- Founder: Ahmed Abdallah Mohamed Sambi
- Founded: 13 October 2013
- Ideology: Anti-imperialism Secularism
- International affiliation: World Anti-Imperialist Platform
- Colours: Green
- Assembly of the Union: 0 / 24

Website
- Website (archived)

= Juwa Party =

The Juwa Party (Parti Juwa, PJ) is a political party in the Comoros. The party was established by former president Ahmed Abdallah Mohamed Sambi in 2013 and became the main opposition party in 2015. After boycotting the 2020 elections, it currently has no representation in parliament.

==History==
The party was established on 30 October 2013 by former President Ahmed Abdallah Mohamed Sambi; "Juwa" is the Comorian word for "Sun". In the 2015 parliamentary elections it emerged as the second-largest faction in the Assembly of the Union, winning seven of the 24 directly elected seats. The party did not contest the 2016 presidential elections.

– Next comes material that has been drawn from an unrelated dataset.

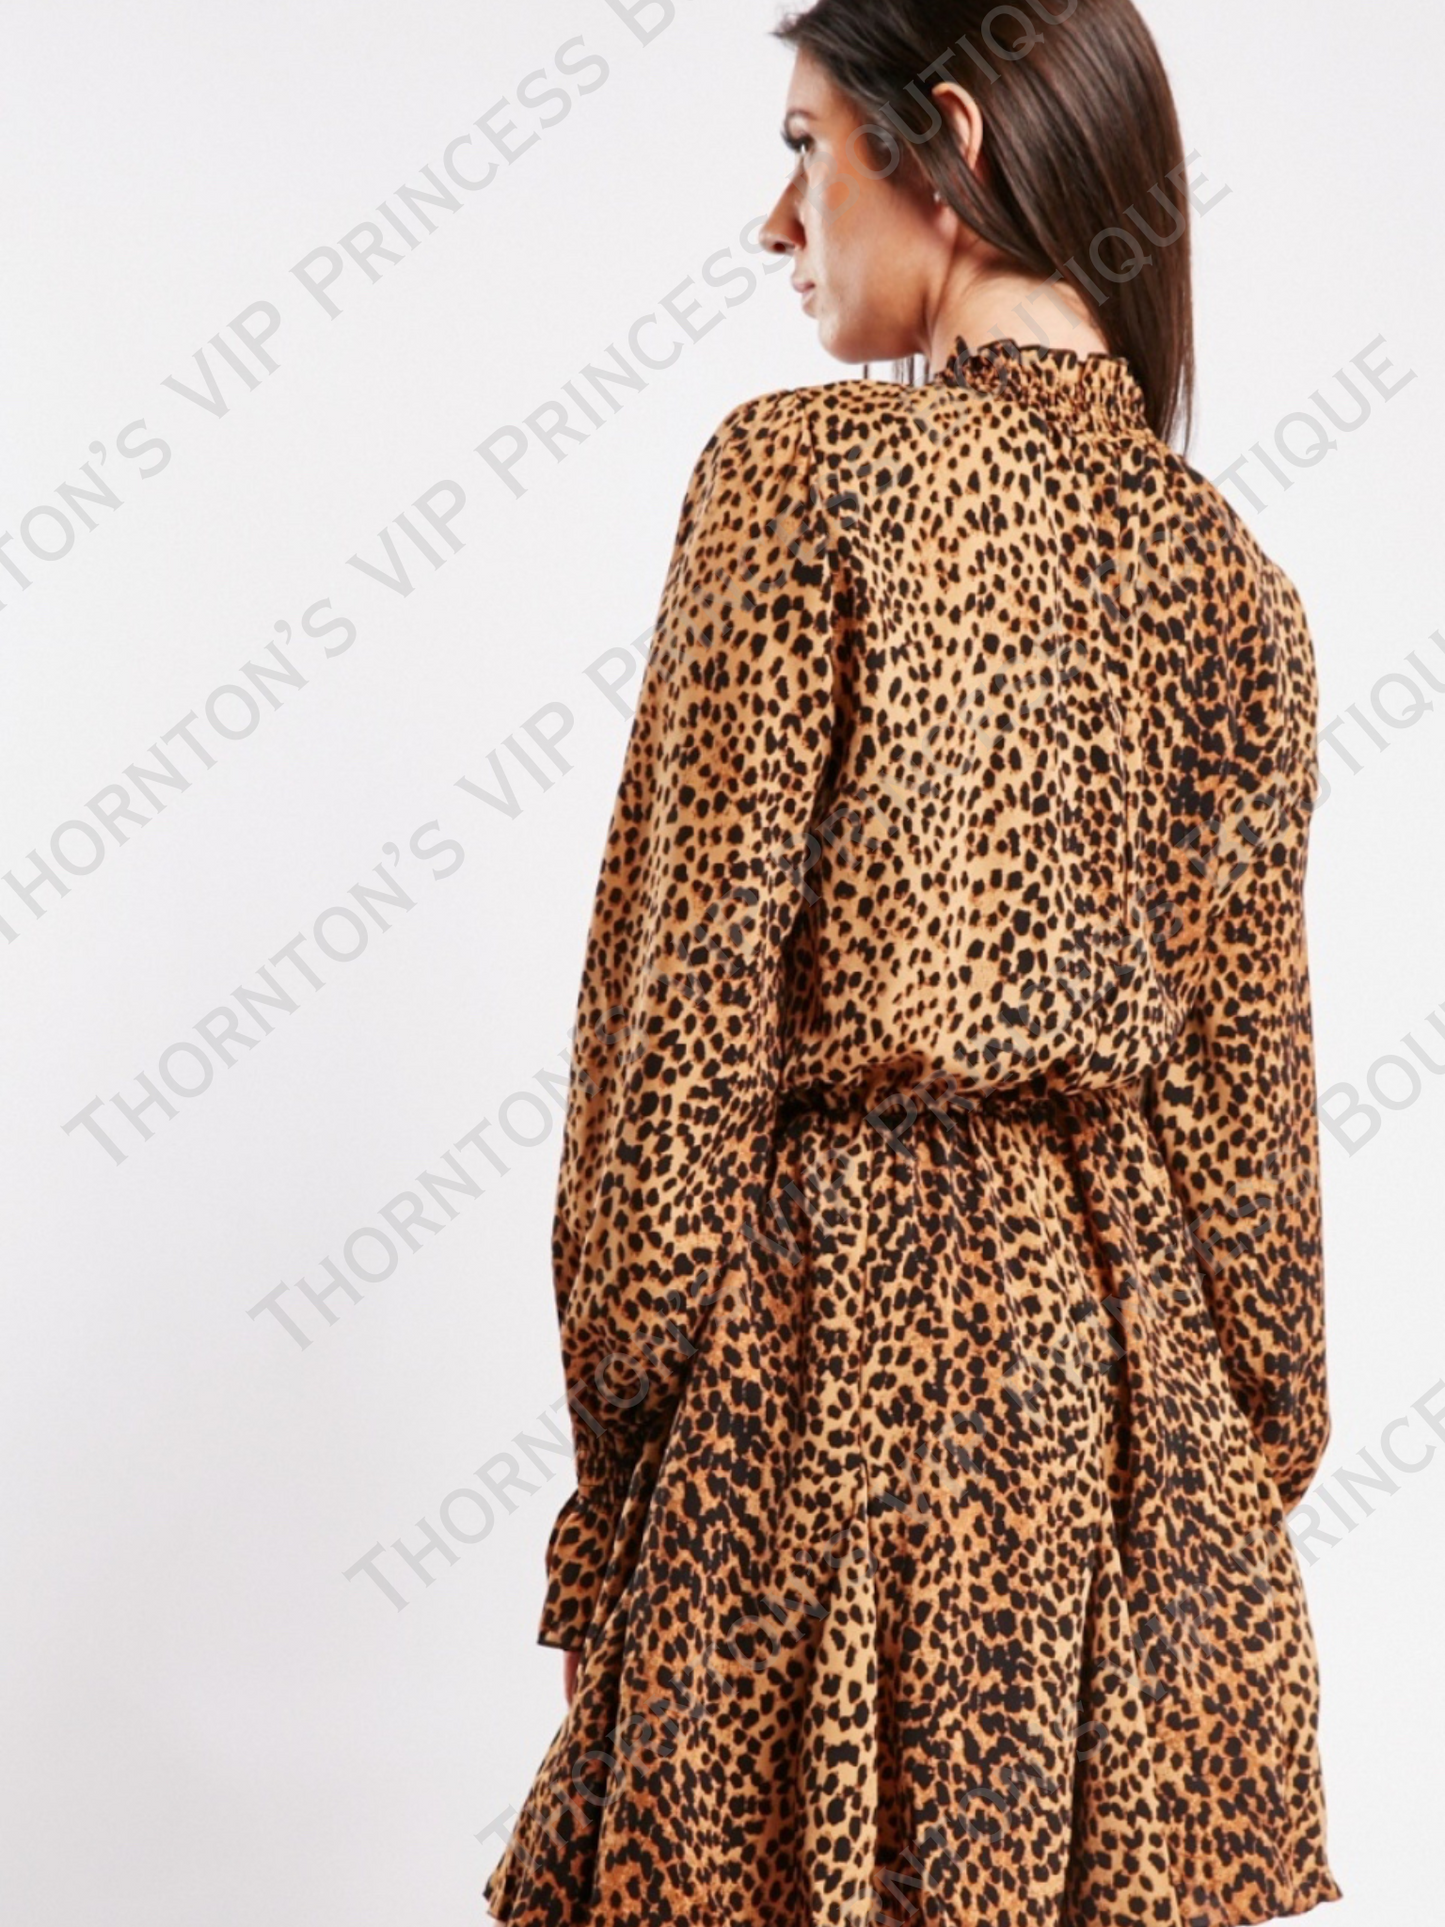 AXPARIS Leopard Print Mini Dress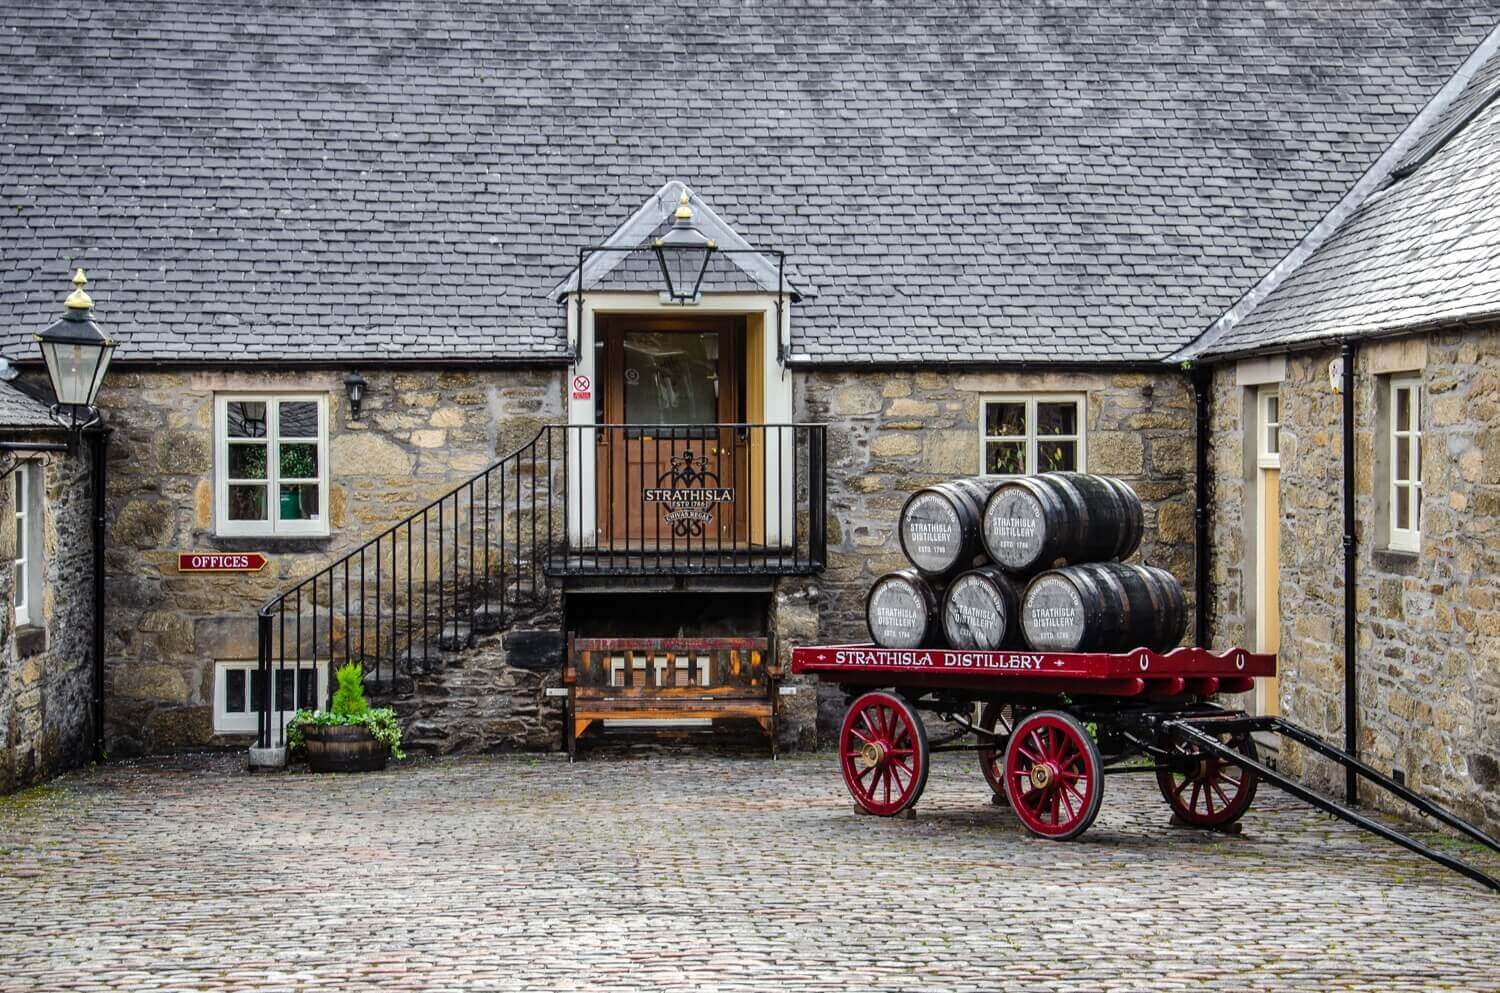 Destiladora de whisky Strathisla a orillas del río Isla. La destiladora más antigua del norte de Escocia. Tour de whisky en Escocia.

In the 2019 presidential election, the Juwa Party candidate Ibrahim Mohamed Soulé was disqualified on the grounds that his application form was signed by the deputy secretary-general of the party and not the secretary-general of the party, Ahmed Al Barwane, who was in prison. Following the verdict, the party lent its support to independent candidate Mahamoudo Ahamada. Ahamada finished second with 15% of the vote, with President Azali Assoumani winning with 61%. Violent protests after the election, whose leaders included Juwa party members, were violently dispersed by the army. Ahamada subsequently became joint leader of the party with Sambi.

The Juwa Party and other opposition parties boycotted the 2020 parliamentary elections, claiming they had not obtained guarantees of a 'transparent, free and democratic' election, or the right of Comorian expatriates to vote.